- _INSTRUCTIONS FOR THE TASK_
Each line from the one that contains "Snowy Range Scented Candle" to the end of the material must be set down exactly, and no line before it.

- _SUPPLIED DATA_
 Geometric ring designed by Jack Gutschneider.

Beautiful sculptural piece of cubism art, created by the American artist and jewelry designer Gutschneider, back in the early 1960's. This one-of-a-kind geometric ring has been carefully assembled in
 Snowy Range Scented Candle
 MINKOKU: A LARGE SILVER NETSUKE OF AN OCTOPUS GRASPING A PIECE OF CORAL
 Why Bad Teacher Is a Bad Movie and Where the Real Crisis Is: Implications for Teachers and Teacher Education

- _EXERCISE RESULT_
 Snowy Range Scented Candle
 MINKOKU: A LARGE SILVER NETSUKE OF AN OCTOPUS GRASPING A PIECE OF CORAL
 Why Bad Teacher Is a Bad Movie and Where the Real Crisis Is: Implications for Teachers and Teacher Education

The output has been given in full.